(Charlotte) Mercredi matin, devant sa maison du Paces Oaks Boulevard, dans la banlieue de Charlotte, Martha, Afro-Américaine dans la cinquantaine, n’en revient pas : «C’est elle qui devrait être présidente !». Elle, c’est Michelle Obama, 48 ans, qui a tenu mardi soir en ouverture de la convention démocrate l’un des discours les plus puissants qu’une First Lady ait jamais prononcé. Dans une ferveur que les démocrates n’avaient plus connue depuis 2008, les délégués ont même osé scander un slogan qui paraissait à tout jamais éculé: «Yes We Can» pour appuyer la narration de Michelle Obama.

A priori, l’épouse du président américain avait la même mission qu’Ann Romney, mariée depuis 43 ans à Mitt Romney, candidat républicain à la Maison-Blanche. Dans leur allocution devant les délégués républicains de Tampa et démocrates de Charlotte, il fallait montrer que leur mari respectif n’est pas le froid homo politicus qui tente de se connecter avec une Amérique profonde de plus en plus remontée contre la classe politique de Washington.

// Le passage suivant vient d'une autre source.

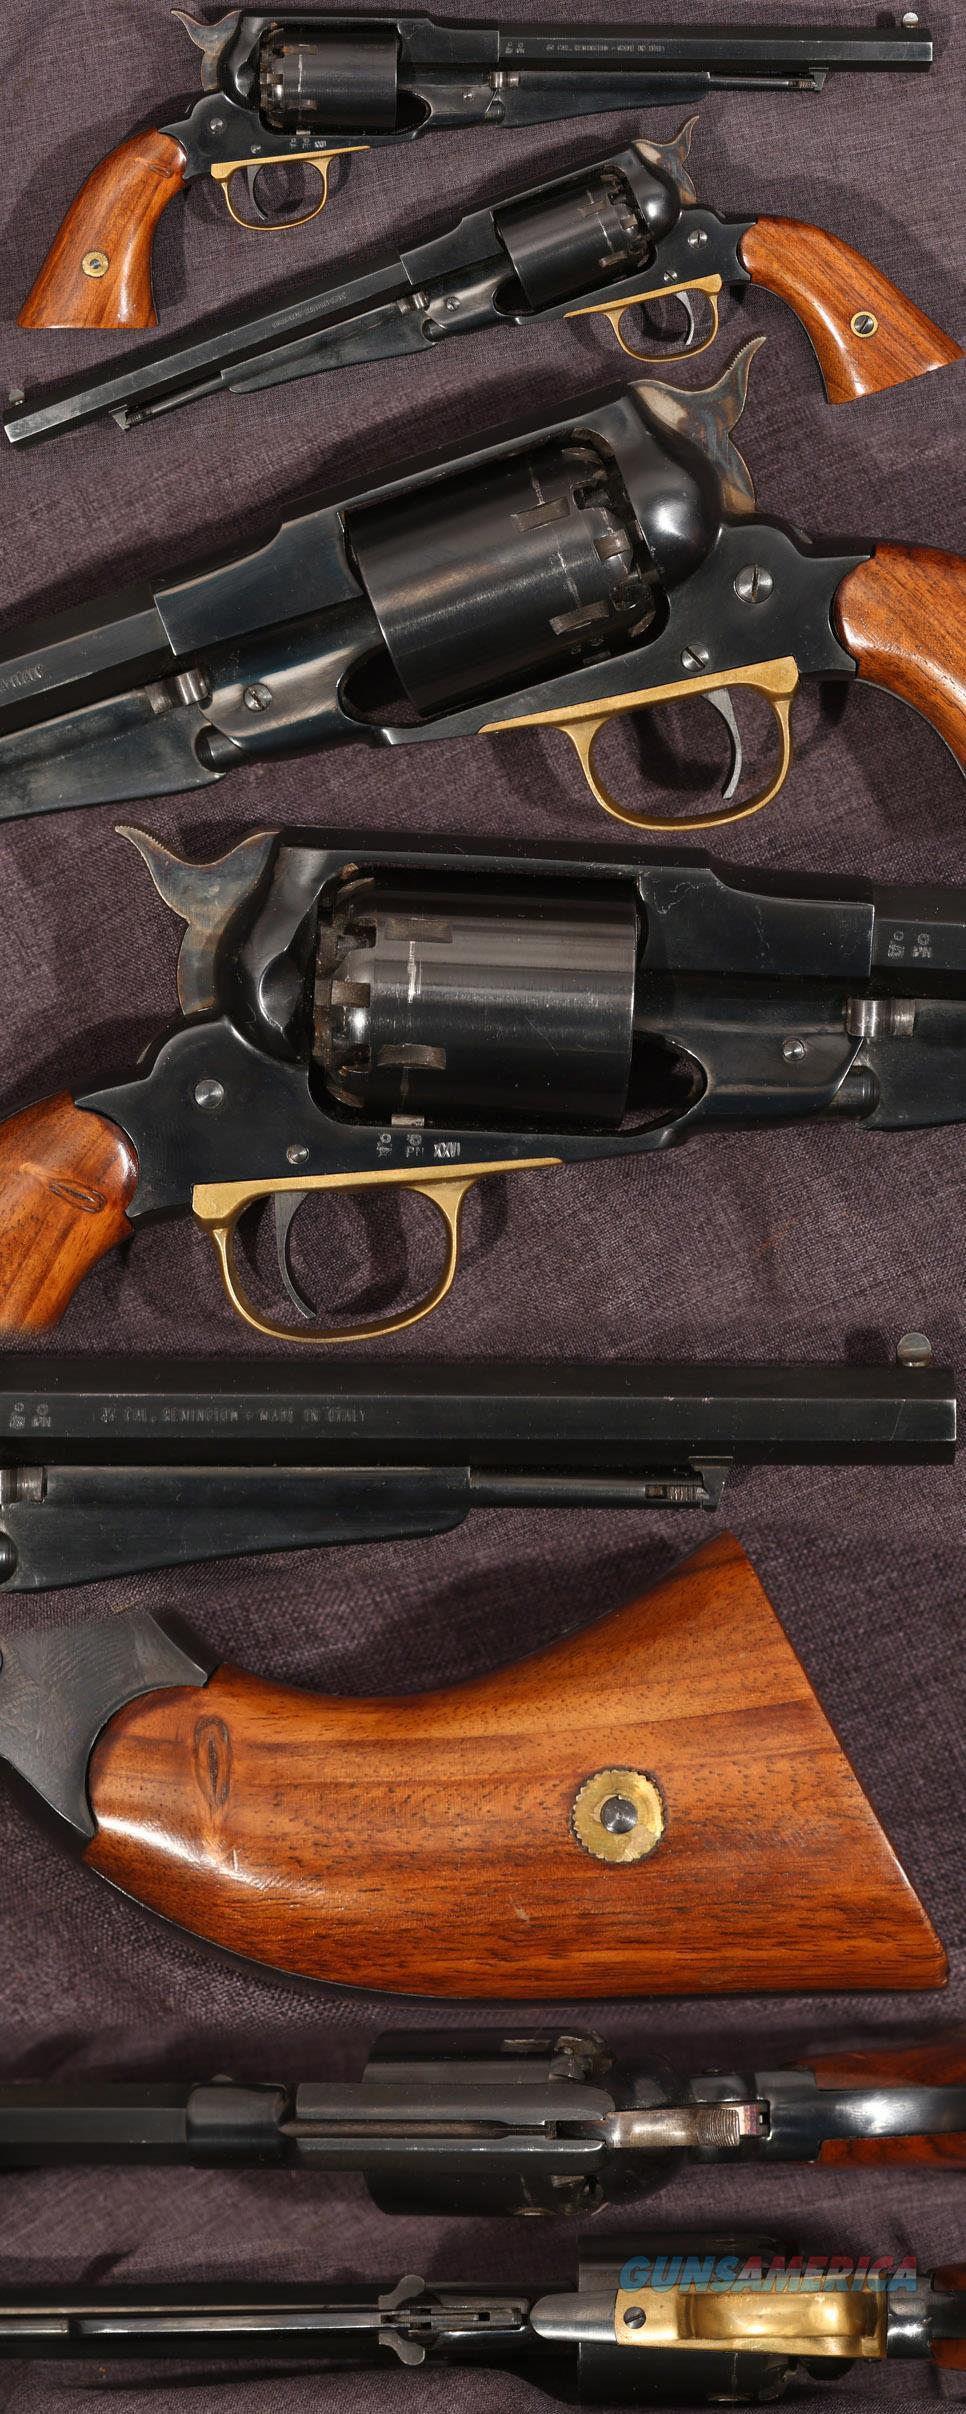 Euroarms Remington New Model Army revolver  Guns > Pistols > Remington Replica Pistols
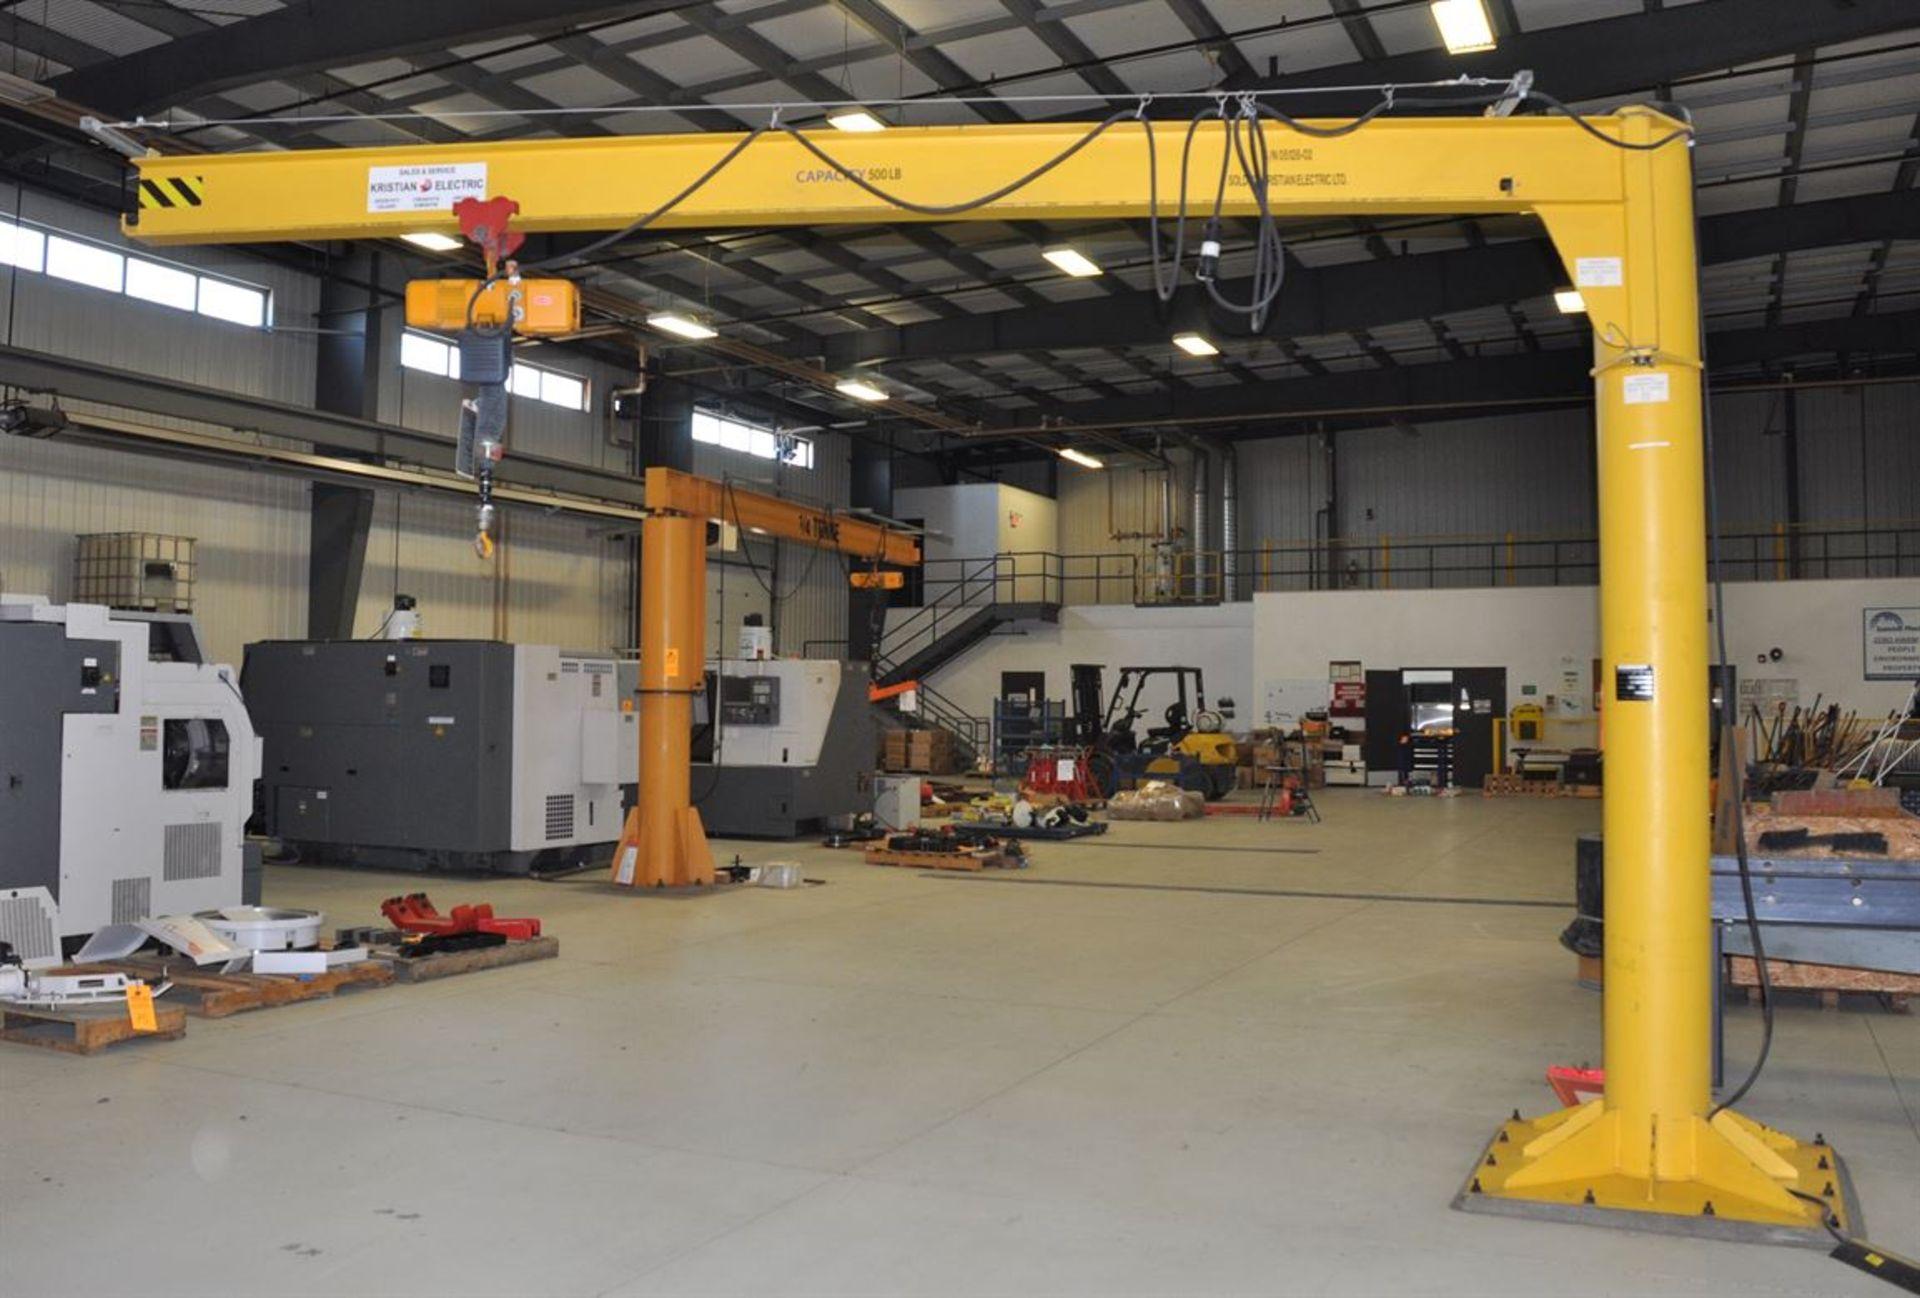 O'BRIEN 500 lb Free Standing Jib Crane, w/ KITO 250 Electric Chain Hoist - Image 2 of 2

Toutes deux ont réussi à révéler une facette plus empathique de leur conjoint. Mais là s’arrêtent sans doute les similitudes.

Dans les faits, l’articulation des deux discours fut très différente. Le verbe acéré et empreint d’une forte intensité dramatique, Michelle Obama a tenu des propos qui traduisaient une conviction personnelle issue de son parcours de vie. Elle a parlé de son père, malade, qui a tout fait pour payer des études universitaires à sa fille, de la mère de Barack qui a dû élever son fils seule. Elle a décrit ce qu’était la vraie nature du rêve américain malmené par la crise économique et l’explosion des inégalités. «Le succès ne se mesure pas à la quantité d’argent que vous gagnez, mais à l’impact que vous avez sur la vie des gens», a-t-elle déclaré.

Si aujourd’hui les Obama sont millionnaire et ont le privilège de résider à la Maison-Blanche, c’est parce que le premier président noir des Etats-Unis a dû lutter pour y arriver. L’action que mène Barack Obama n’est pas «politique, elle est personnelle », insiste la First Lady. A Tampa, hormis son combat acharné contre la sclérose en plaques qui a révélé sa grande combattivité, Ann Romney n’a pas évoqué un passé de lutte pour illustrer le succès de son mari à la tête de Bain Capital, la société de capital-investissement. A leur manière, les deux dames ont incarné le choix radicalement différent auquel sont confrontés les Américains dans les élections de novembre. Cela s’est matérialisé jusque dans la robe que chacune portait. La première était habillée par la styliste afro-américaine de New York Tracy Reese dont les robes comme celle que portait la First Lady s’achètent entre 400 et 450 dollars, un prix abordable pour la classe moyenne. Ann Romney était habillée par le styliste dominicain Oscar de la Renta dont la robe valait 1200 dollars.

Sans prononcer une seule fois le nom de Mitt Romney, Michelle Obama a délivré un message beaucoup plus politique qu’il n’y paraît. Raconter l’histoire familiale, c’était un moyen de mieux souligner la nécessité de garantir ce pour quoi Martin Luther King se battait : la justice sociale. Ann Romney n’a pas l’expérience, ni l’assurance de la First Lady. Plus discrète et réservée, elle est restée dans le registre des émotions pour humaniser le profil de Mitt Romney.

Michelle Obama et Ann Romney ont toutes deux dynamisé le vote des femmes, qui sera crucial lors de la présidentielle du 6 novembre. La première a embrasé la Times Warner Cable Arena de Charlotte en martelant que les femmes devaient être libres de décider d’elles-mêmes ce qu’elles font de leur corps, notamment en matière d’avortement. La seconde a réussi à faire bondir les intentions de vote des femmes républicaines en faveur de Mitt Romney.

Michelle Obama n’en a pas moins marqué le début de la convention: même l’acerbe Karl Rove, ex-stratège de George W. Bush, a dû admettre sur Fox News que la First Lady avait délivré une «très bonne prestation». Le chroniqueur conservateur David Brooks est allé plus loin. C’était un coup de « génie ».